### Material provided
━━━

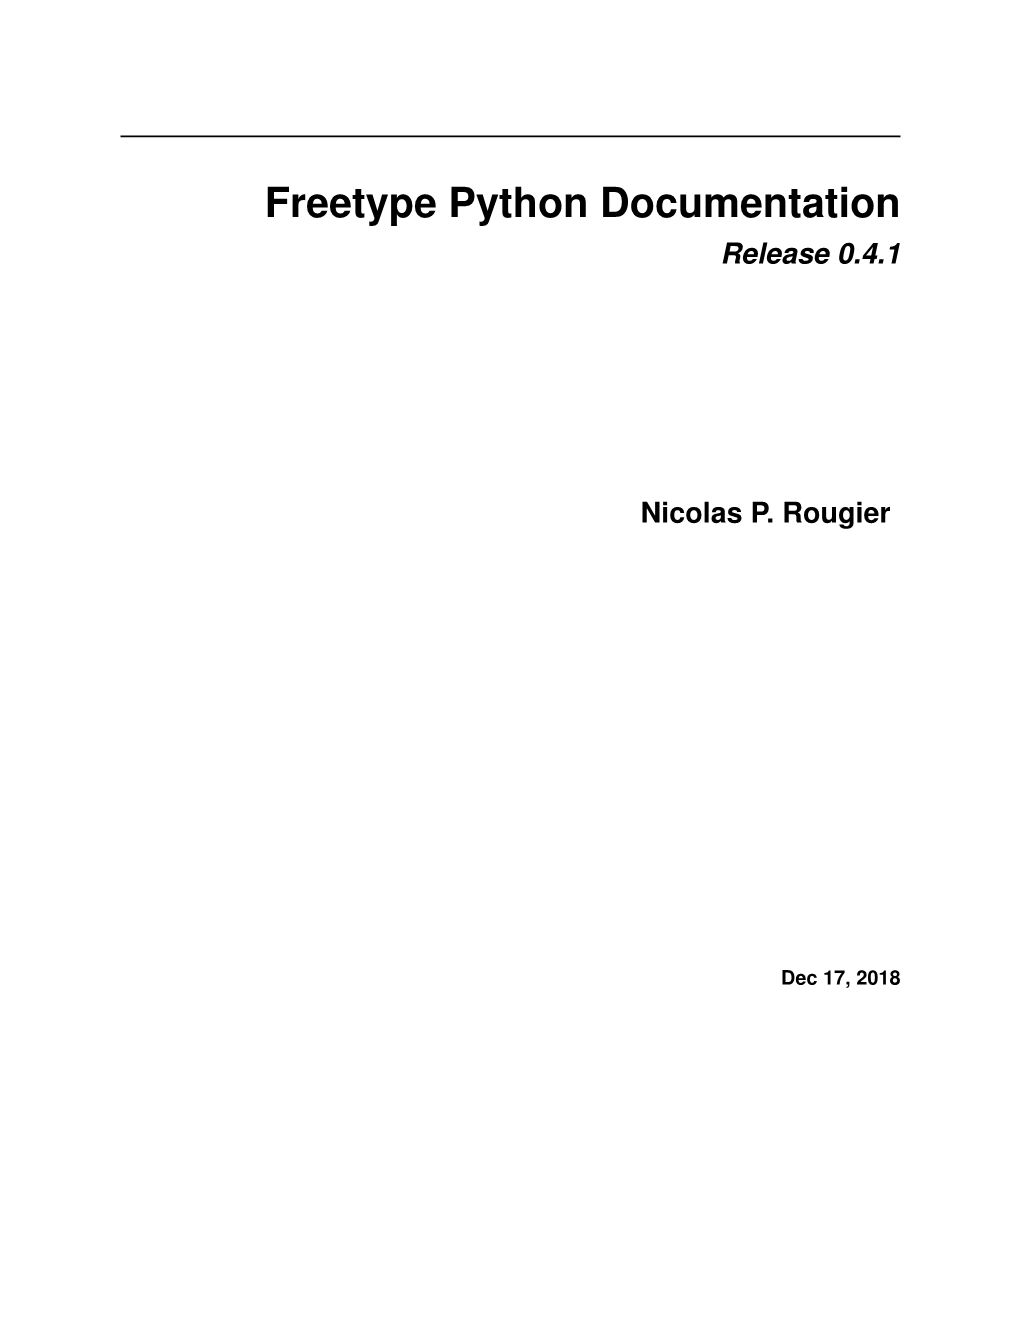 Freetype Python Documentation Release 0.4.1
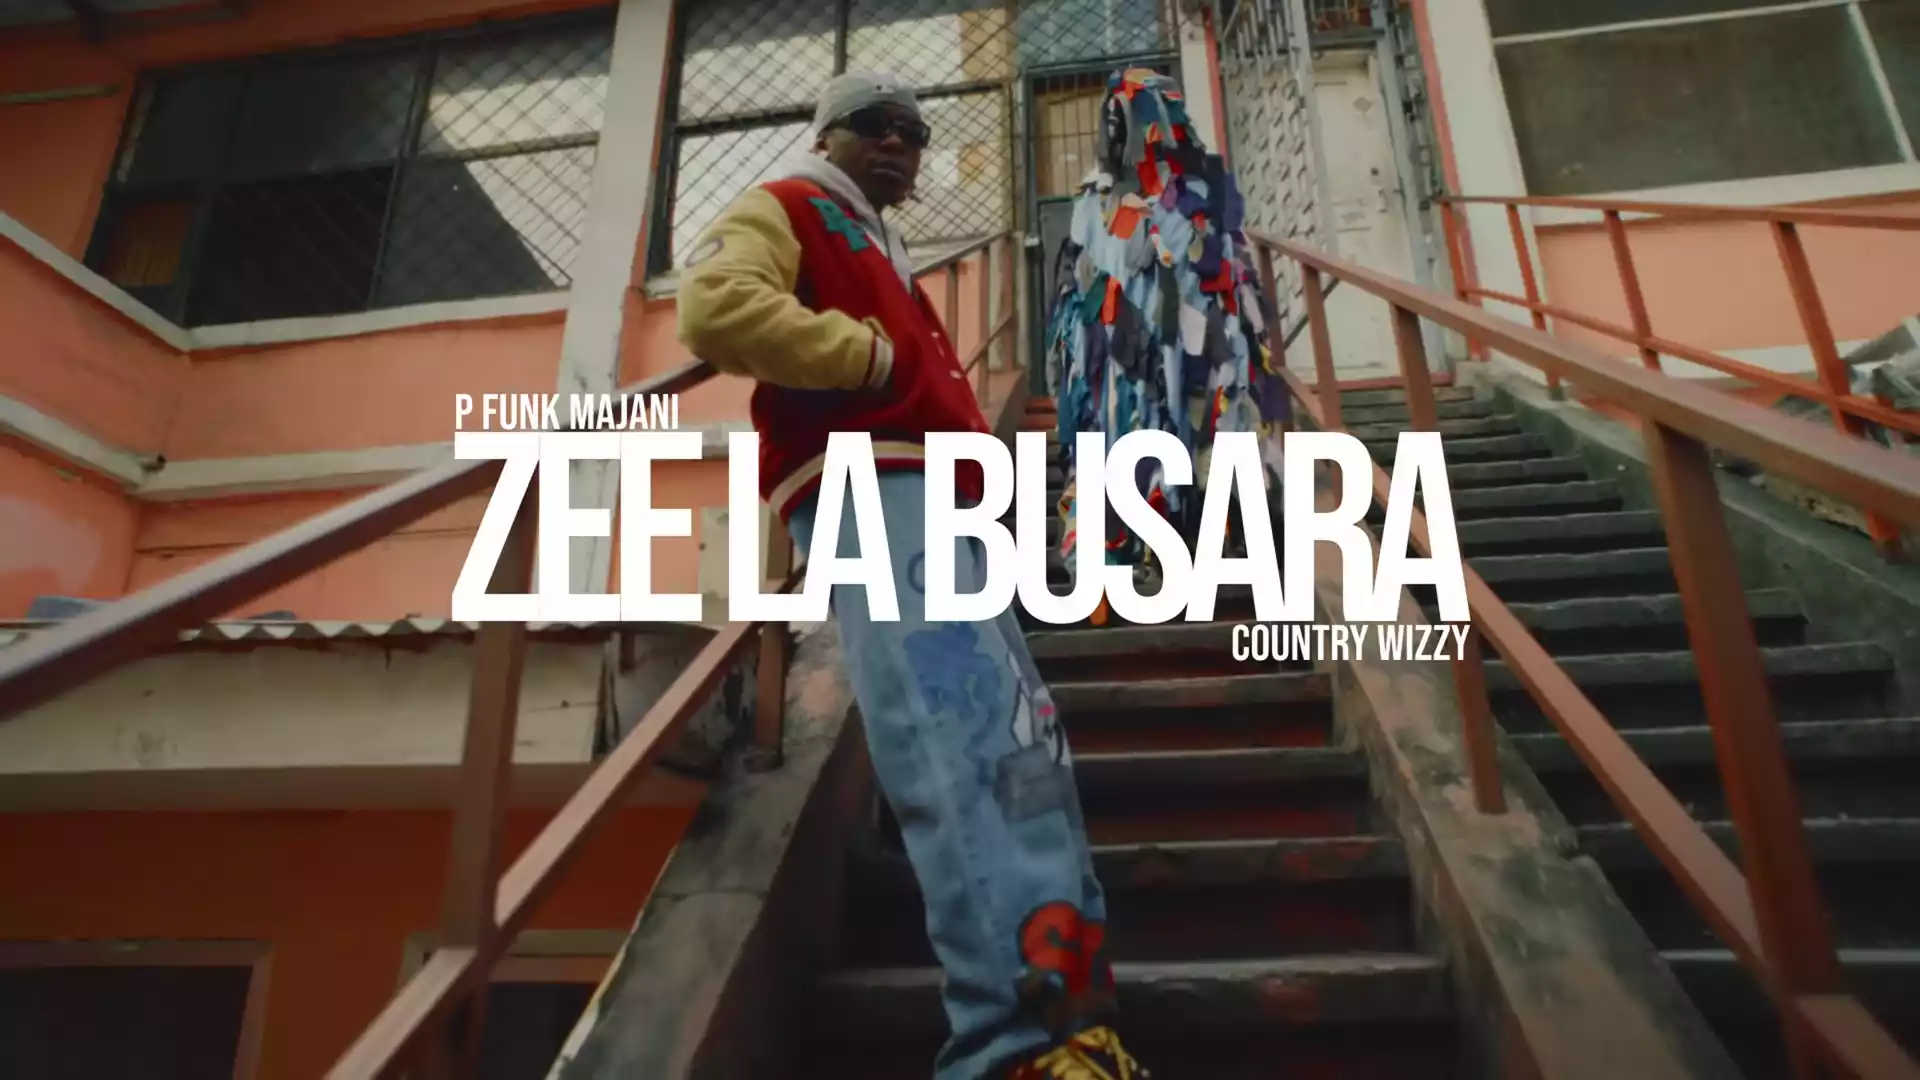 P Funk Majani ft. Country Wizzy Zee La Busara Official Video 0 4 screenshot
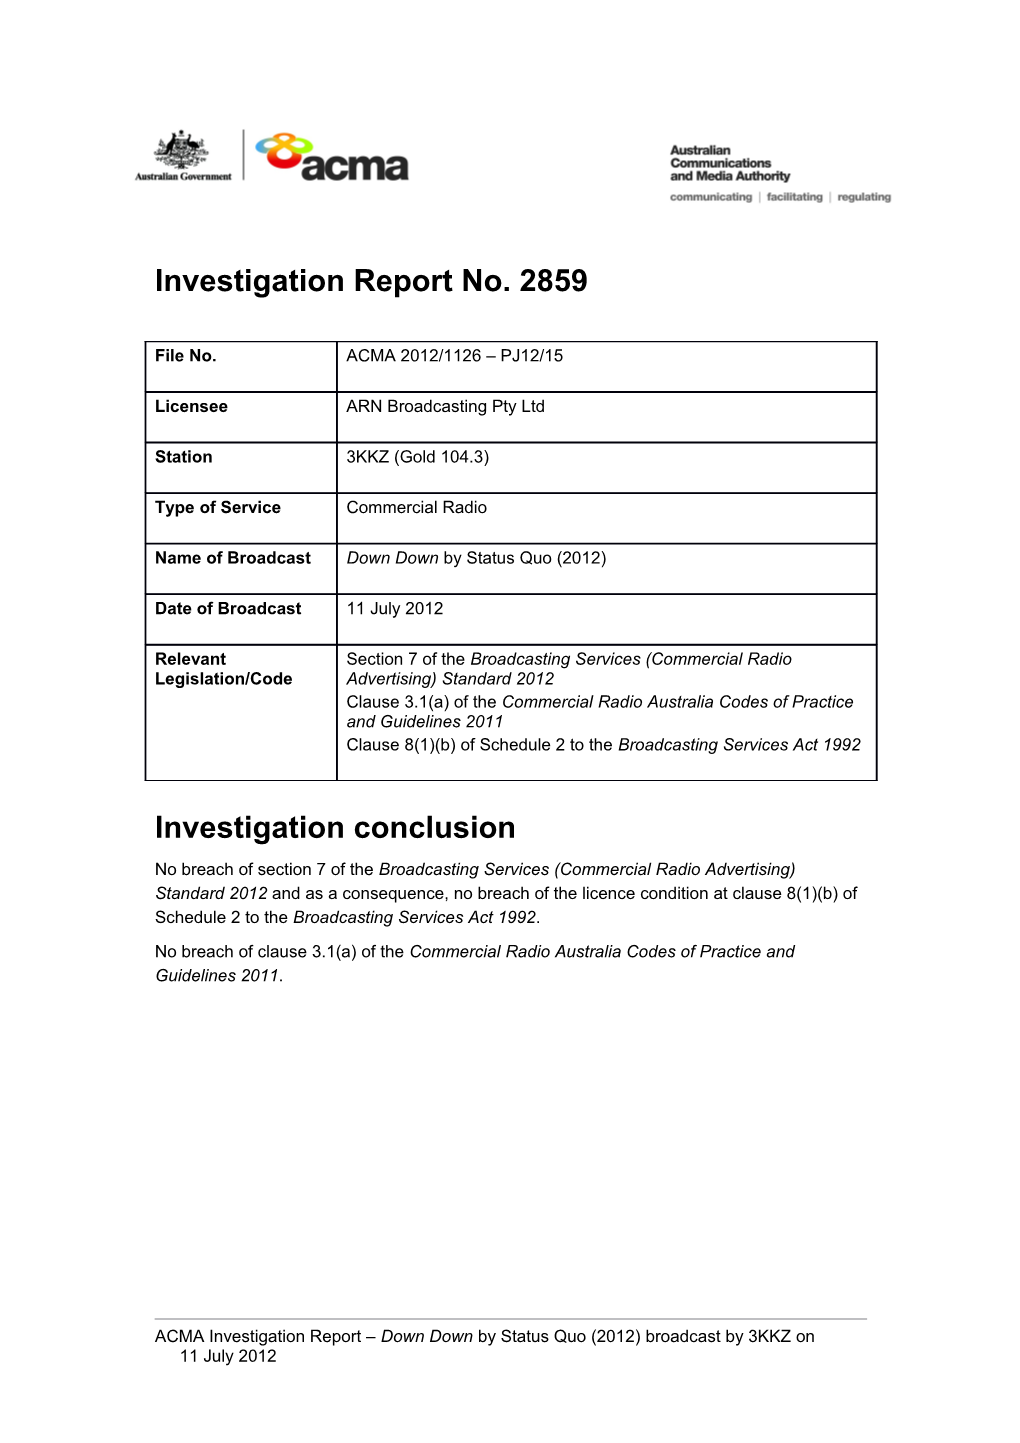 3KKZ (Gold 104.3) - ACMA Investigation Report 2859
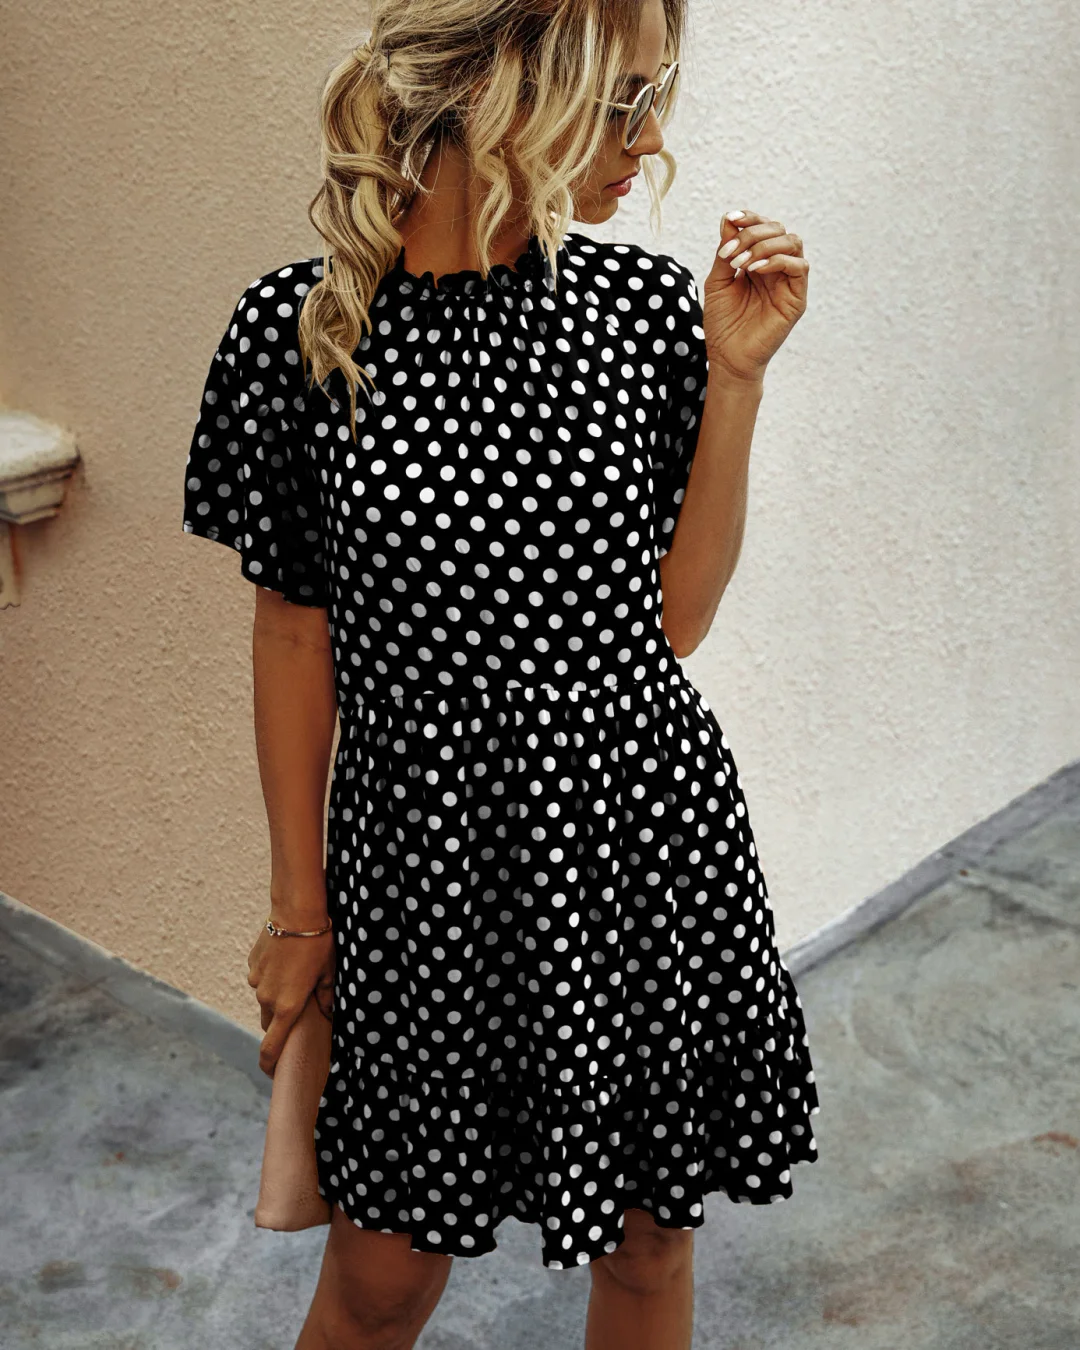 Fashionable Polka Dot Women's Dress For Summer

━━━

Retype the lines starting with the one that holds "3KKZ (Gold 104.3)" and ending with the last line of the data above, both included; skip the pictures.

 3KKZ (Gold 104.3) - ACMA Investigation Report 2859
 Fashionable Polka Dot Women's Dress For Summer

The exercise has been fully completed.